As regards sanitary fittings under consideration there the Supreme Court at page 48 observed as follows :

"It cannot be denied that the business of a hotelier is carried on by adapting a building or premises in a suitable way to be used as a residential hotel where visitors come and stay and where there is arrangement for meals and other amenities are provided for their comfort and convenience. To have sanitary fittings, etc., in a bath room is one of the essential amenities or conveniences which are normally provided in any good hotel in the present times."

While referring to a decision of the Court of Appeal in Jarrold's case reported in [1963] 1 WLR 214, the Supreme Court observed :

"If the partitions in Jarrold's case [1963] 1 WLR 214 could be treated as having been used for the purpose of the business of the trader, it is incomprehensible how sanitary fittings can be said to have no connection with the business of the hotelier."

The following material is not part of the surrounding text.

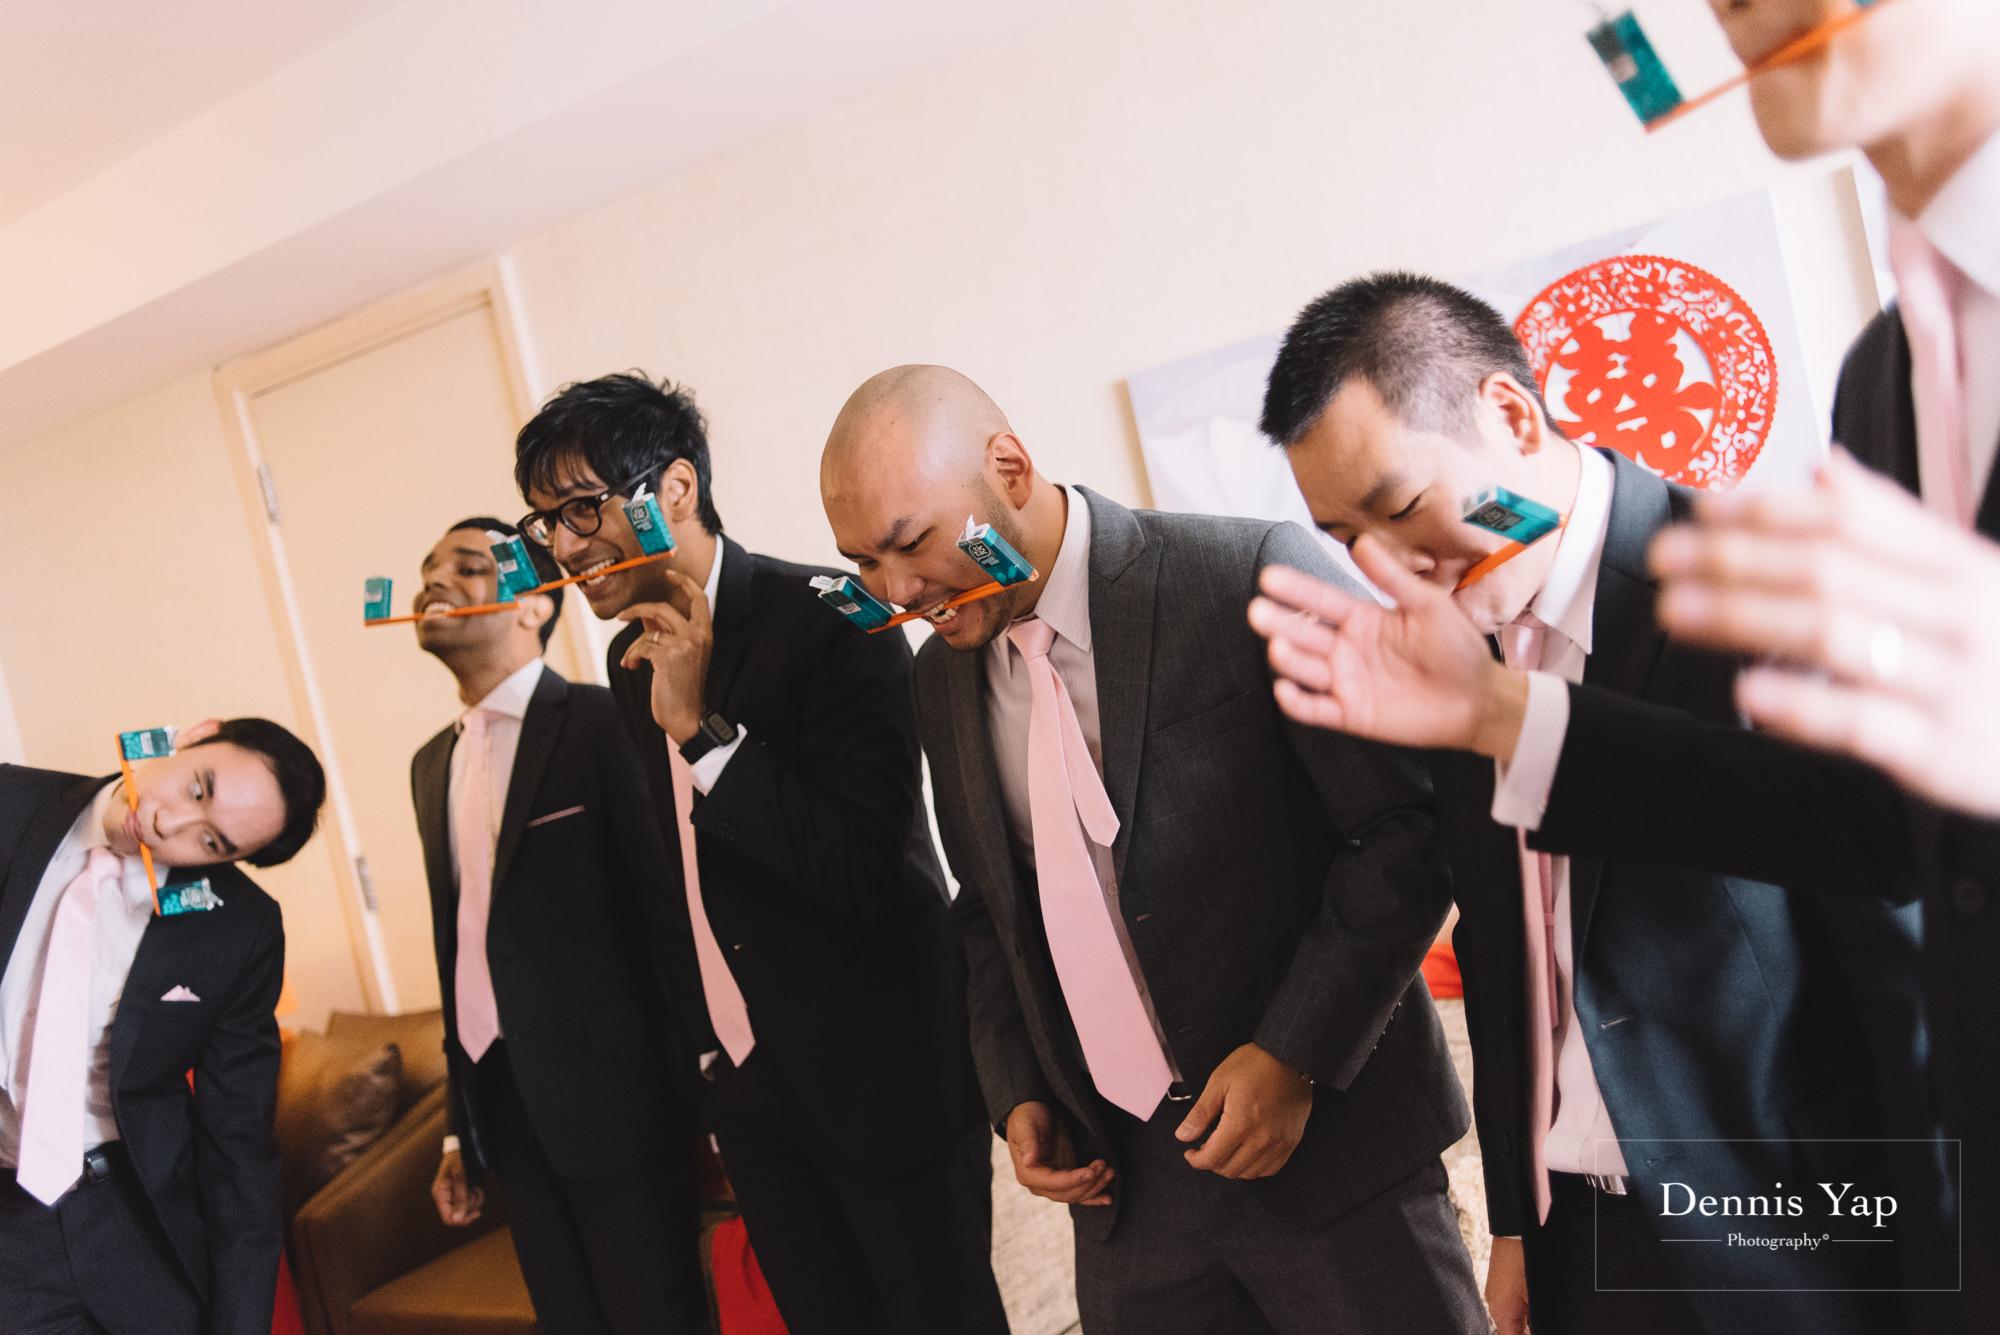 han sen ce pei wedding day A loft hotel kuala lumpur dennis yap photography-11.jpg

The term "plant" has been understood by the Gujarat High Court in Commissioner of Income-tax v. Elecon Engineering Co. Ltd. [1974] 96 ITR 672 (Guj) as including the drawings, patterns, blueprints, specifications, etc., as they formed the basis for manufacturing the machinery and they were, so to say, the basic tools of the assessee's trade. In holding that even drawings, etc., constituted "plant", the Gujarat High Court has gone into the meaning of the term "plant" very exhaustively. Even the fencing around an oil refinery has been construed as coming within the scope of the term "plant" in Commissioner of Income-tax v. Caltex Oil Refining (I) Ltd. [1976] 102 ITR 260 (Bom) and the safe deposit vault has been similarly taken, as coming within the scope of the word "plant" in Commissioner of Income-tax v. Union Bank of India Ltd. [1976] 102 ITR 270 (Bom). All these decisions would go to show clearly that the expression "plant" has to be construed in the context of particular kind of trade or manufacture carried on by the assessee and if in the context it could be taken as "plant" as understood in the popular sense it would be eligible for the allowance of depreciation and development rebate. It follows from the above that, in the present case the Tribunal acted rightly in holding the special reinforced concrete foundation as "plant" within the scope of section 43(3) of the Income-tax Act, 1961. The questions referred to us in these two references are answered in the affirmative and against the revenue. The assessee will be entitled to its costs. Counsel's fee one set--Rs. 500.